Выставить себя в глупом свете. Орамен беспокоился, как бы не выставить себя в глупом свете, слишком бурно реагируя на реальную (а может, и вымышленную) угрозу. Но куда глупее было бы не замечать симптомов, идти по бурному, полному насилия миру с широко раскрытыми глазами наивного, доверчивого ребенка, принимая лицемерие и зло за невинность и порядочность.
«Нужно было дернуть за этот провод, — подумал он. — Попытаться вытащить его. Идиот, эгоистичный идиот. Вместе мы могли бы...»
Взрыв начался грязно-желтым облаком света, за которым почти сразу последовал удар страшной силы — такой, словно боевое животное лягнуло Орамена в спину обеими ногами. Его подбросило вверх, перевернуло в воздухе, швырнуло вдоль по штольне, так что возникло впечатление, будто он падает в уходящую вниз шахту. Долгое мгновение он находился в вертикальном положении, маша руками и ногами, а потом внезапно упал; конечности, плечи, спина, голова, поясница ударились обо все окружающие поверхности в мгновенной какофонии боли, словно его одновременно пнул десяток ног.
* * *
Он моргнул, увидев прямо над собой грубые доски потолка. Его нос был прижат к ним. Наверное, его раздавило. Может, это гроб. В ушах звенело. Где он был до этого? Никак не вспомнить. В голове стоял безумный звон, а в воздухе пахло бедой.

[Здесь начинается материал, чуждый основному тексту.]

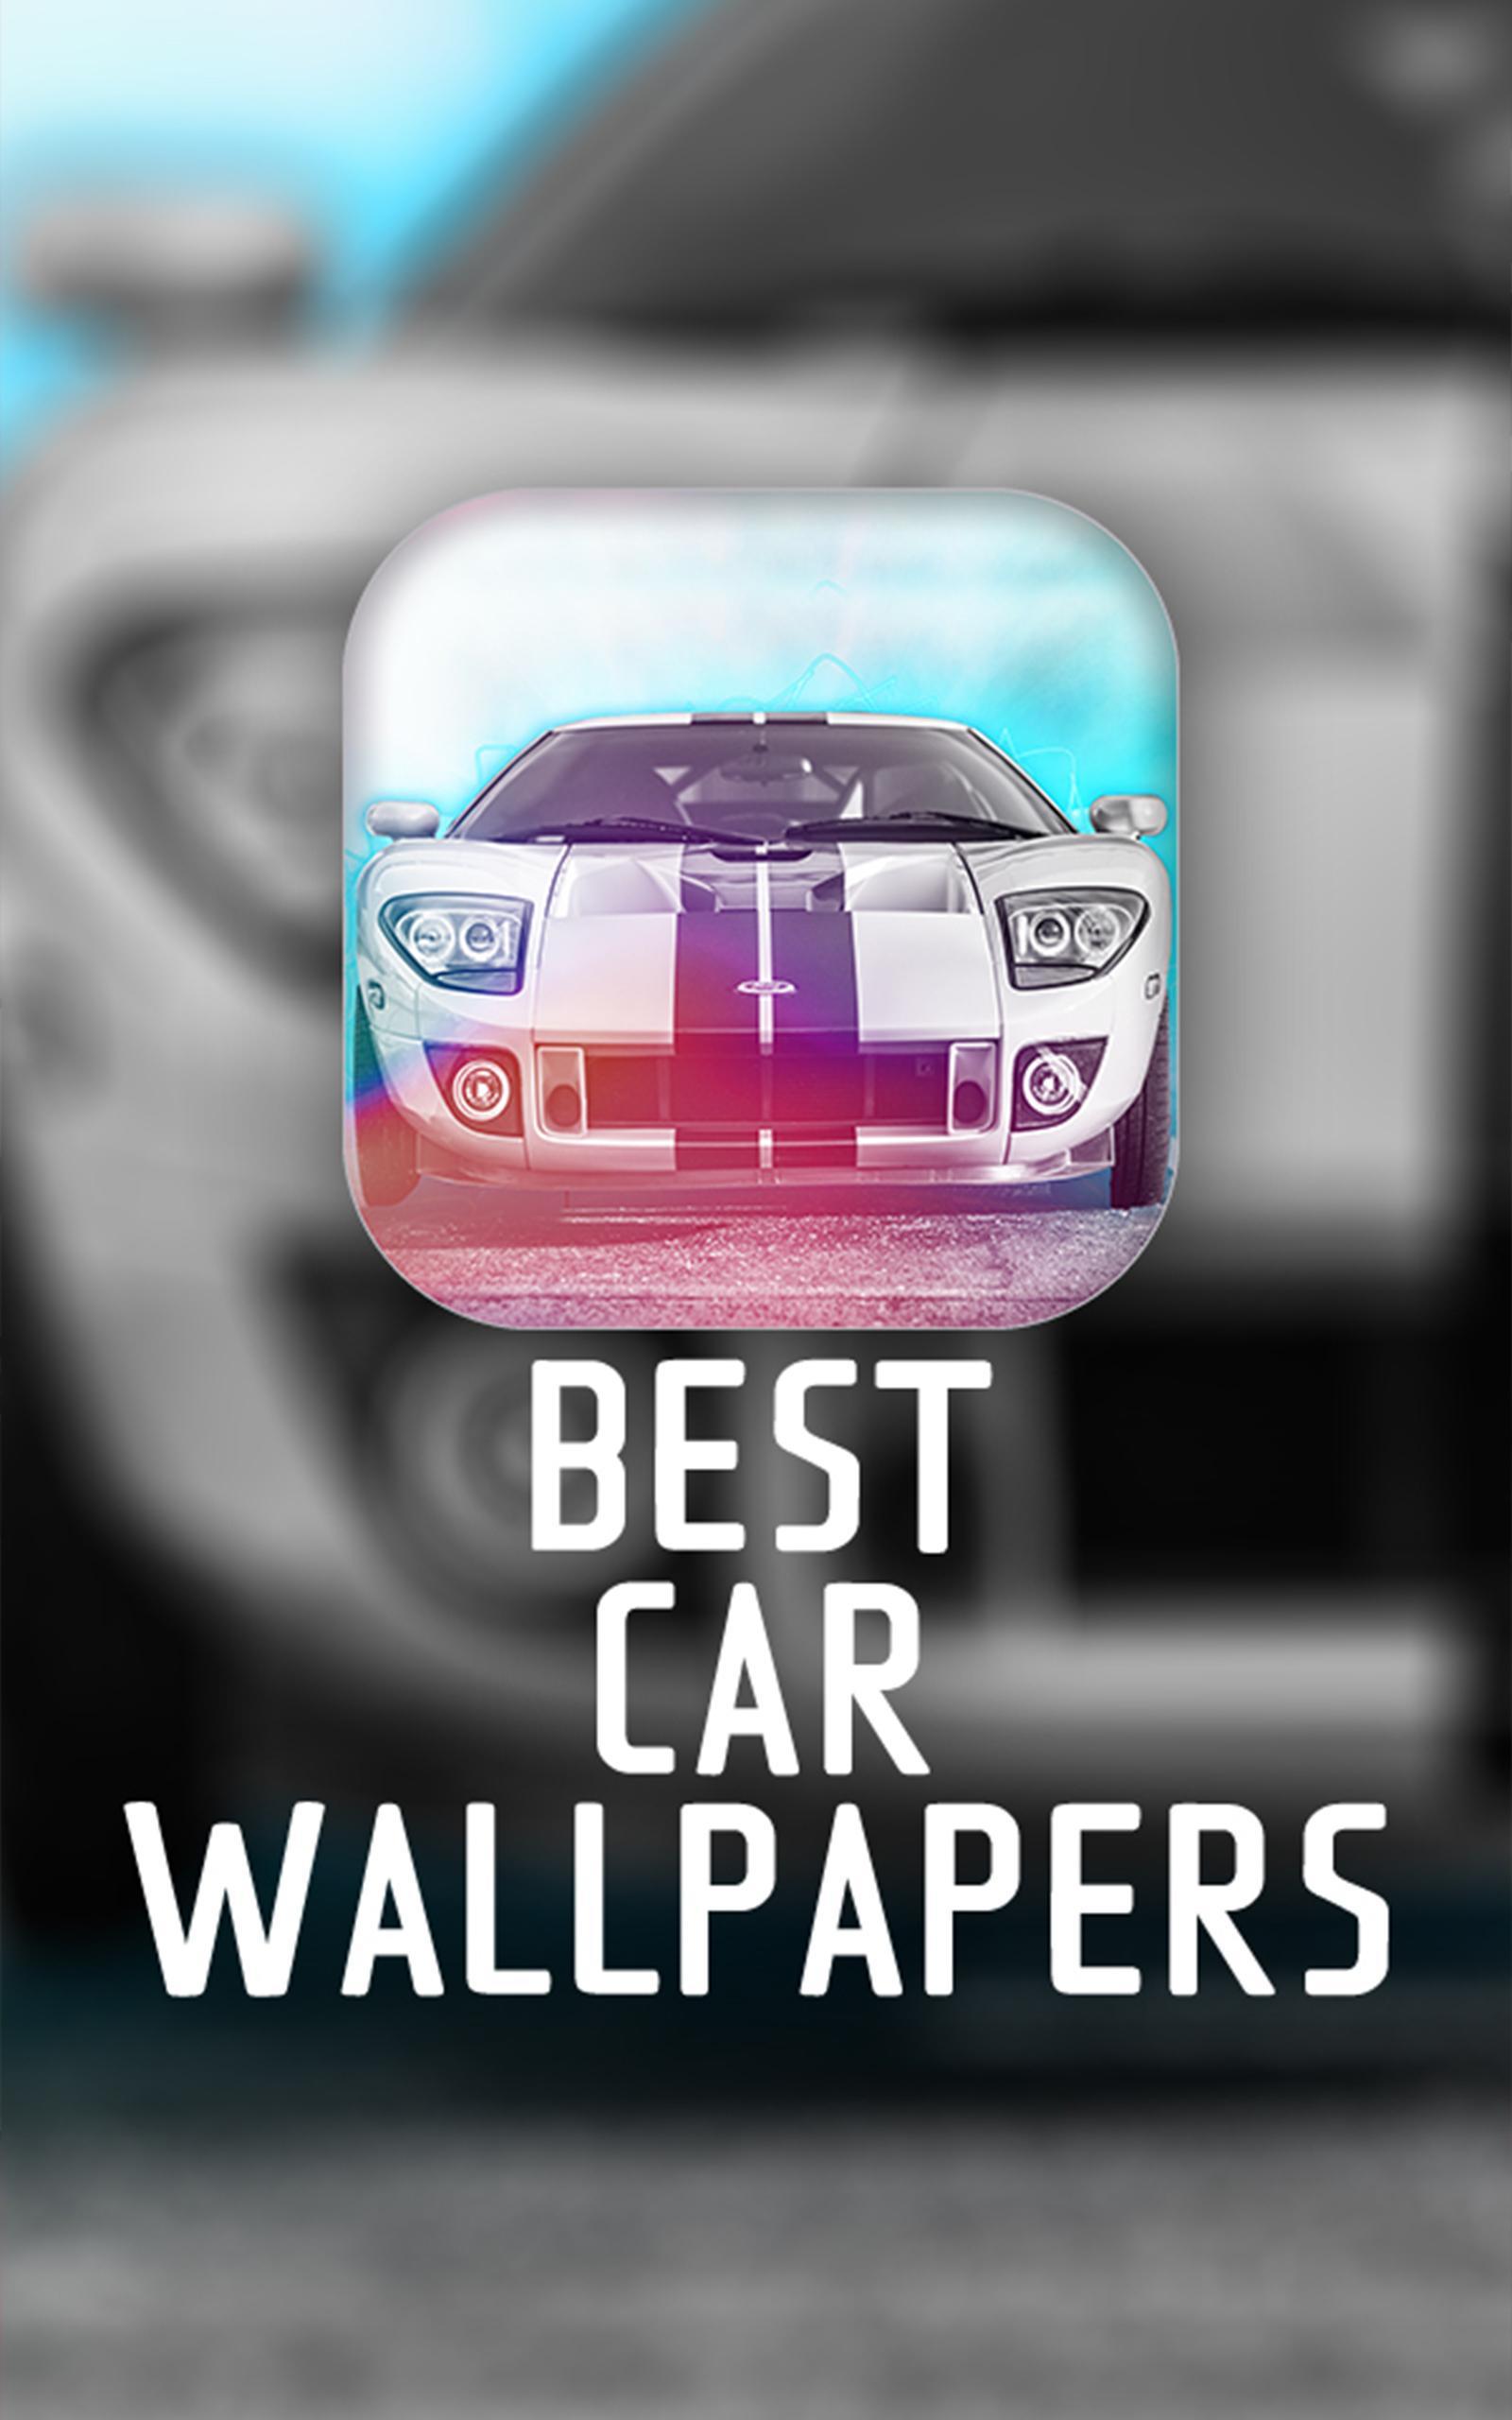 beste hintergrundbilder autos fur android apk herunterladen beste hintergrundbilder autos fur

Он перевернулся, застонав, — поломанное, поцарапанное тело протестовало. Теперь он видел настоящий потолок, потому что лежал на спине и под ним был пол. Видимо, это часть дворца, в которой он раньше не бывал. А куда делся Фантиль?
На стене мигали тусклые желтые лампы, подвешенные на провисающих проводах. Провода что-то значили. Он что-то делал с ними. И должен продолжать это делать. Что именно? Он ощутил вкус крови во рту, поднес руку к лицу — что-то липкое; затем скосил взгляд на ладонь, приподняв голову над полом и преодолевая боль в протестующих мышцах. Ладонь была совсем черной. Он оперся о пол, приподнялся и посмотрел вдоль коридора. Там тоже царила чернота. У досок потолка, концы которых отошли или свисали, полз дым, пар или что-то еще, постепенно затмевая удаляющиеся огни.
Кто-то лежал на боку. Похоже, что...
Дроффо. Граф Дроффо. Он-то что здесь делает? Это облако дыма всплывало к потолку прямо над ним. Дроффо лишился части одежды. Вид у него был довольно потрепанный. И еще Дроффо не двигался.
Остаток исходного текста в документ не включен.